Like many new Berkeley parents, Michele Hammond and Jeremiah Holland try to live as green a life as they can, making as informed a choice on synthetic chemicals as possible.

But at a certain point, they throw up their hands

More than 80,000 chemicals are in use, yet the Environmental Protection Agency has full toxicity data on less than one-quarter. Manufacturers bringing new chemicals to market — at the rate of nearly 1,000 a year — provide little data on the health impacts of those compounds.

Almost none of that makes it to product labels.

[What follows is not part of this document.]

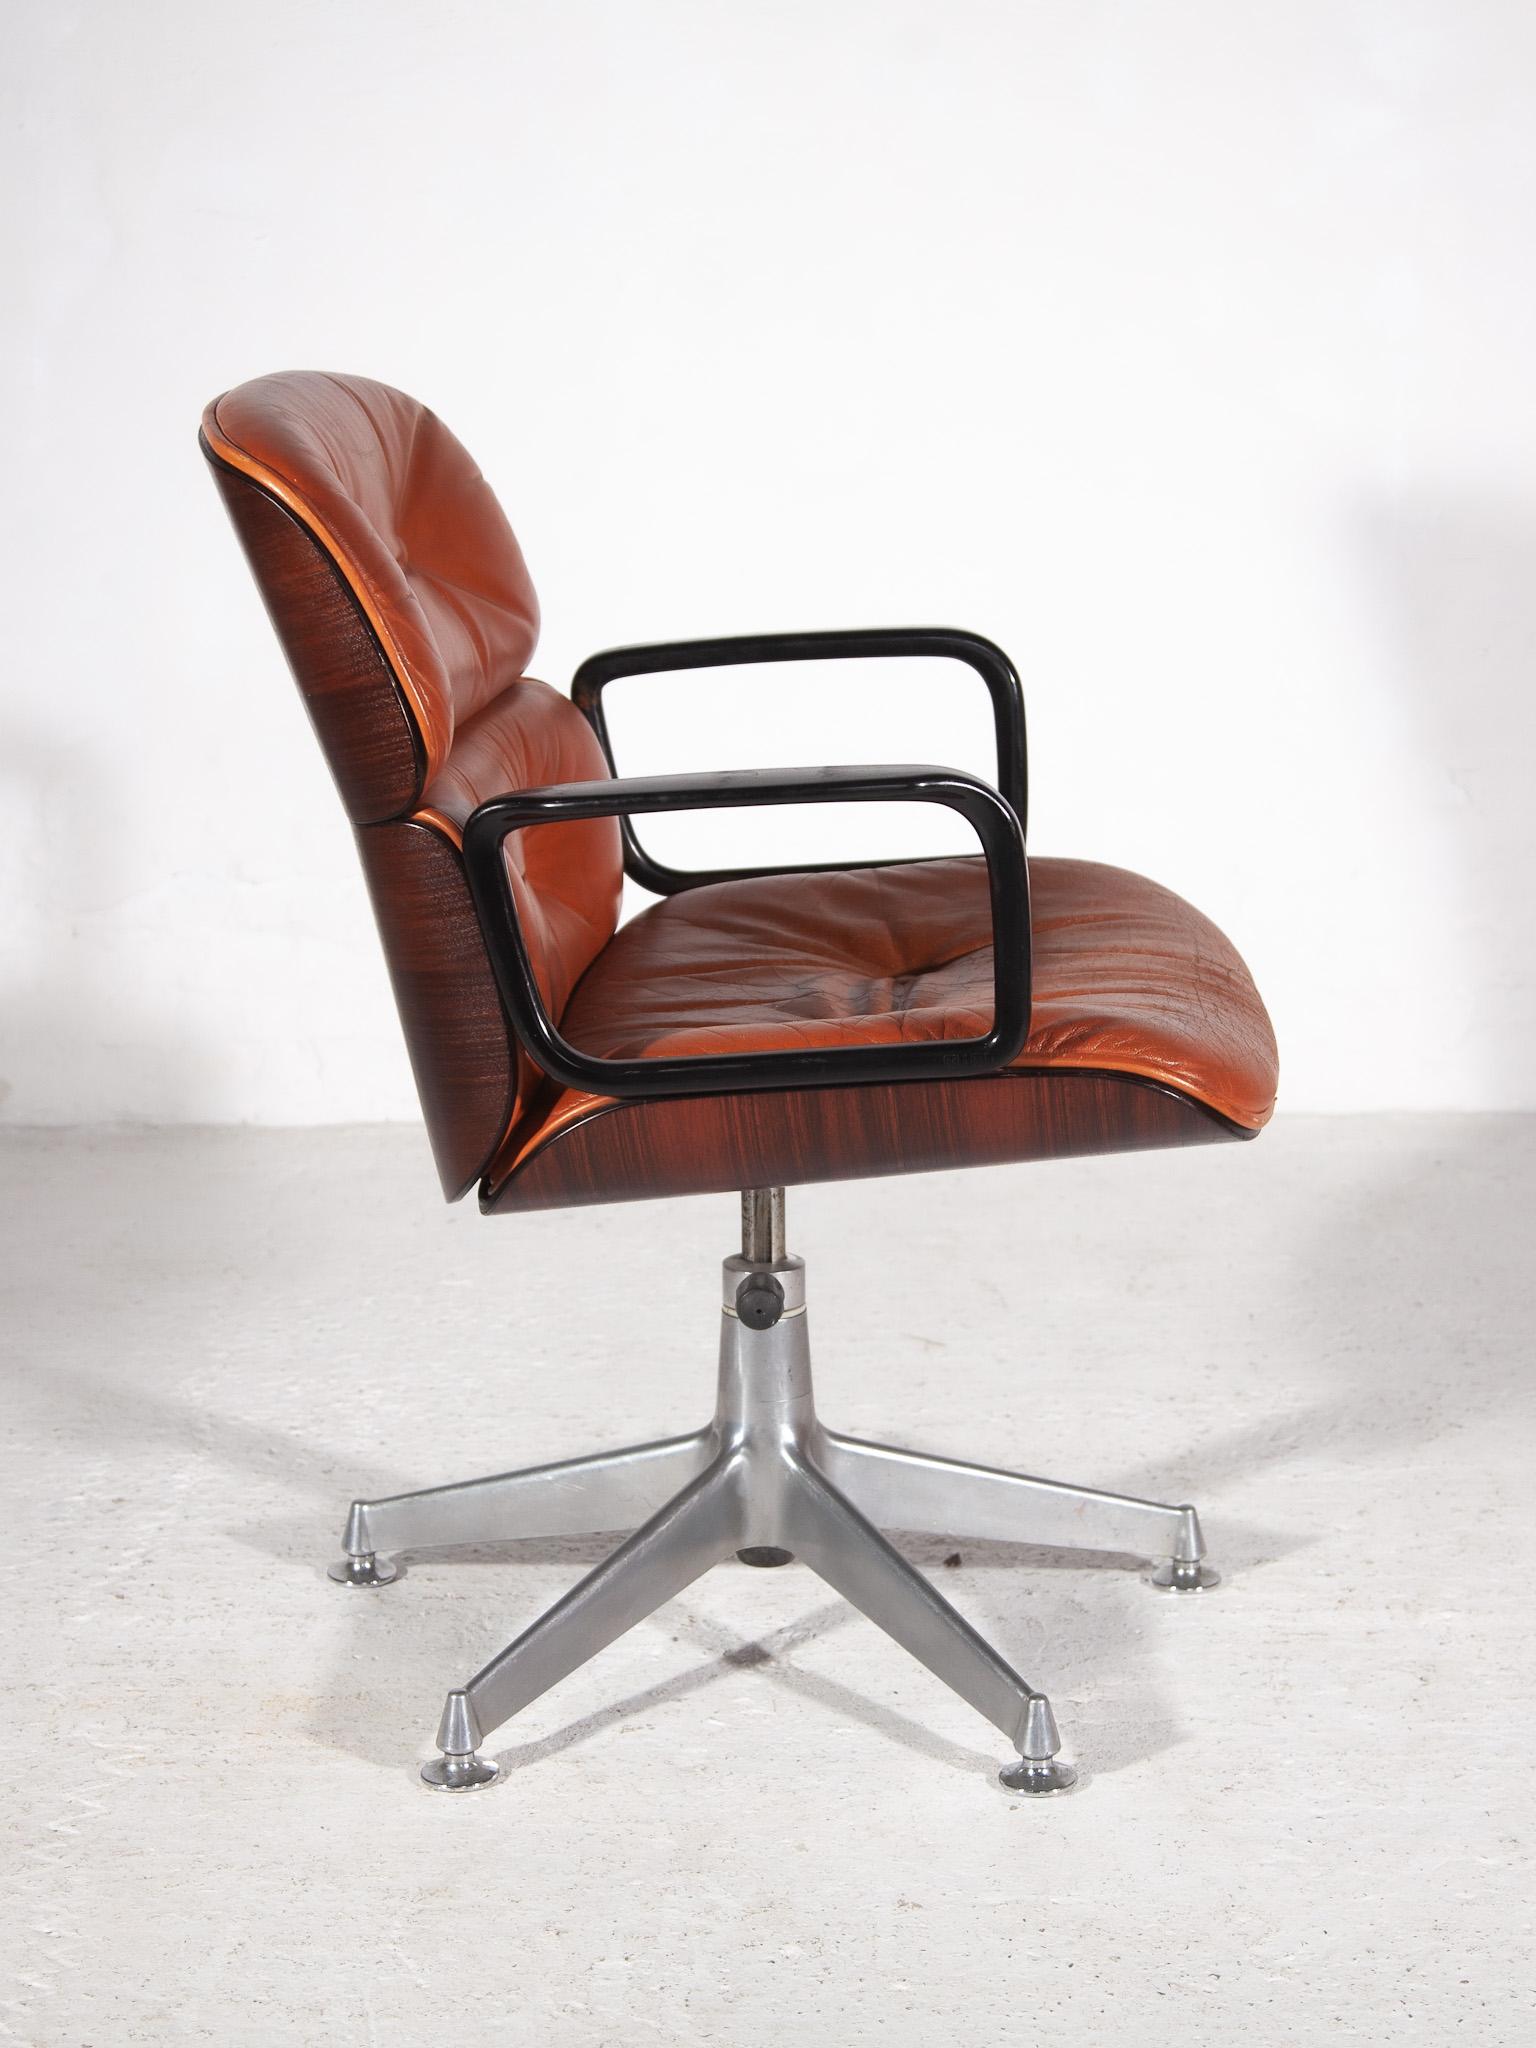 Rare Executive Arm Desk Chair for Mobli Italiani Moderni, Rome 2
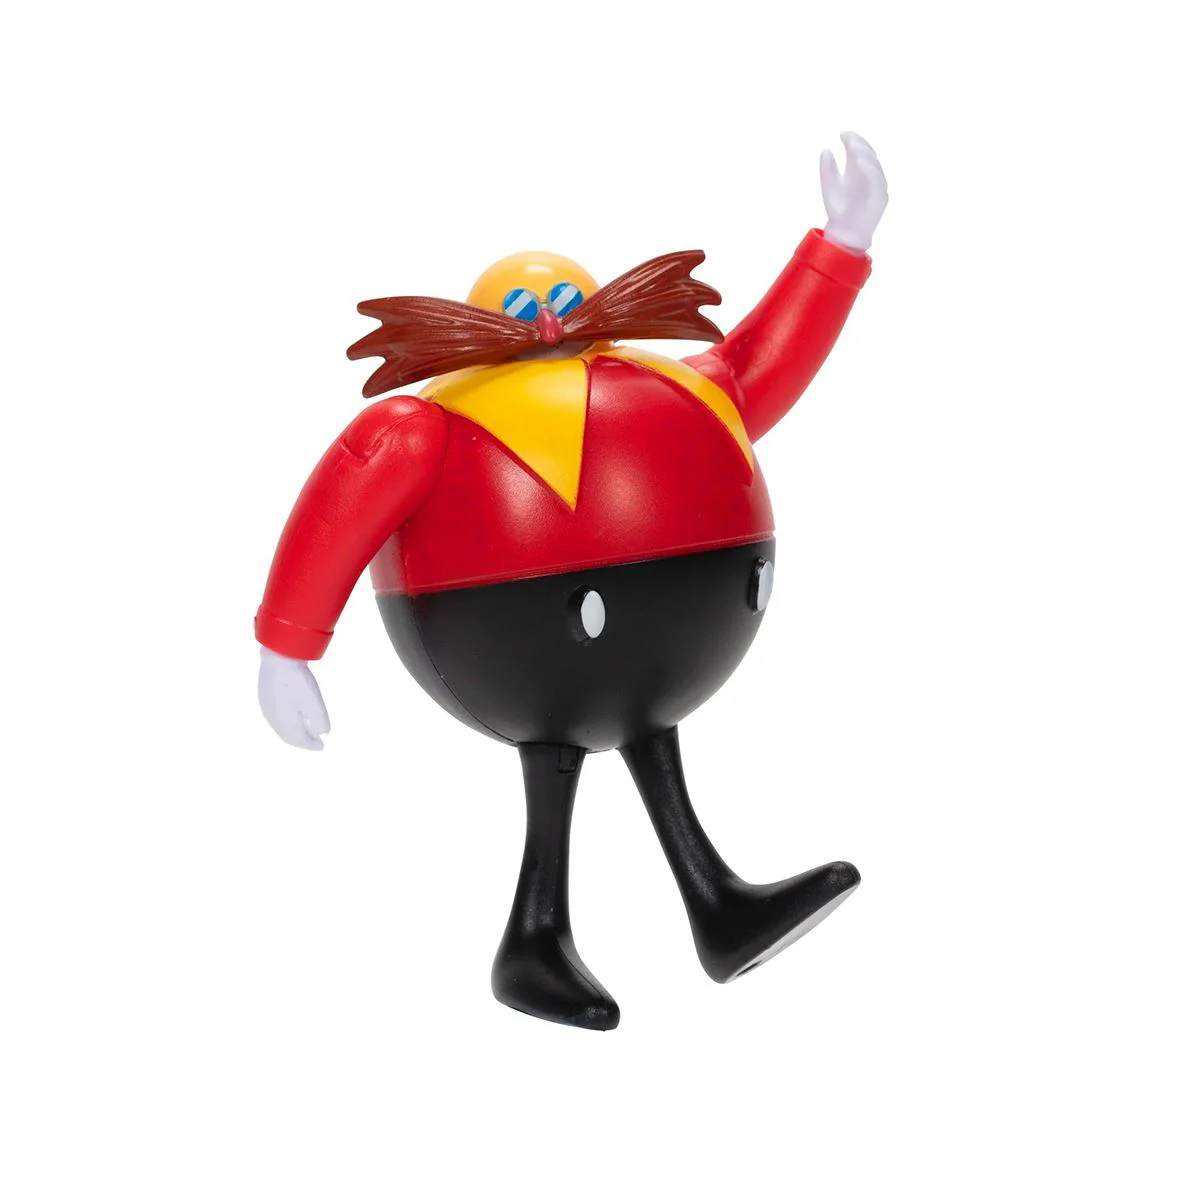 Figurina cu articulatii Sonic the Hedgehog Dr. Eggman, 6 cm

Last month, Europe moved a step closer to enacting a far-reaching chemical reform package known as REACH. The package — officially the Registration, Evaluation and Authorization of Chemicals — puts the burden of proof on manufacturers to show their chemicals are safe and bans the most harmful ones.

REACH has been strongly opposed by industry and the Bush administration, which characterize it as unwieldy, impractical, unnecessary and expensive.

"We see decades of arguments over various chemicals ... and the government basically unable to do anything about it," said Stacy Malkan of Health Care Without Harm. "In Europe, they're looking at the same science, and they're saying, 'OK, this looks bad, potentially toxic to kids,' and they've ... banned phthalates in toys and are banning them in cosmetics."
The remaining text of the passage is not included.